Я киваю, обдумывая его слова. В жесткой внешности Александра всегда были трещины, пусть и небольшие.
— И что? Мы просто позволим ему вариться в своих собственных эмоциональных потрясениях, пока мы разбираемся с этим?
Николай вздохнул.
— У нас нет времени быть его психотерапевтами. Он либо согласится, либо нет. У нас сейчас есть проблемы поважнее.
Я согласен, но это тревожит. Эмоциональное состояние Александра может стать помехой, и последнее, что нам нужно, это еще одно осложнение.
— Хорошо, давай сосредоточимся на поиске идеальной няни. И, может быть, присмотрим за Александром, на всякий случай.

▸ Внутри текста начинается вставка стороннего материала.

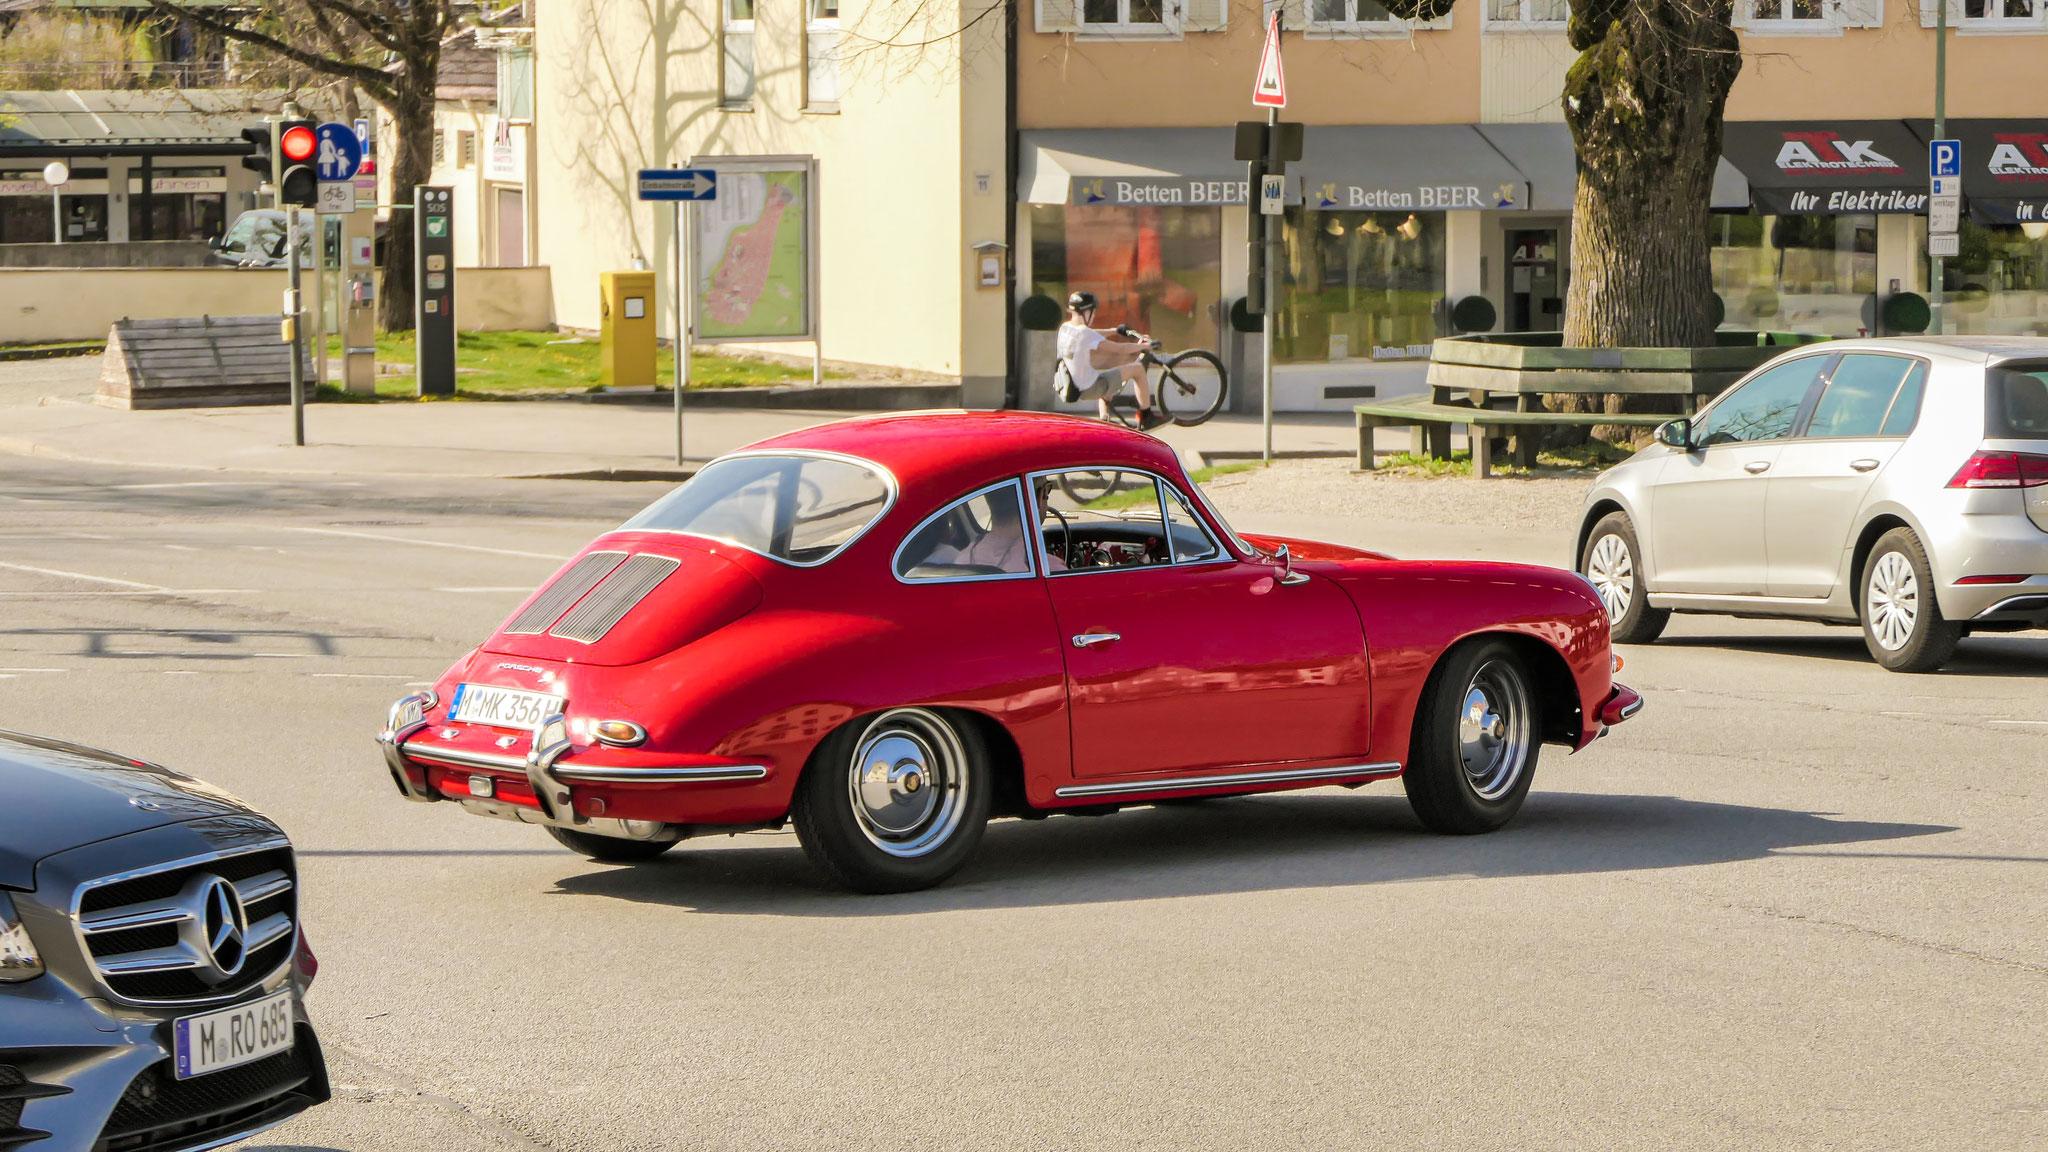 Porsche 356 - M-MK-356H

Николай берет телефон, предположительно для того, чтобы возобновить бесконечный поток сообщений.
— Согласен. У нас все должно получиться, с Александром или без него.
— Да, — говорю я, глядя в сторону зоны, где ребенок сейчас спокойно смотрит телевизор. Она погрузилась в мир мультфильмов, не обращая внимания на царящий вокруг беспорядок. — Мы — все, что у нее есть. Давай не будем все портить.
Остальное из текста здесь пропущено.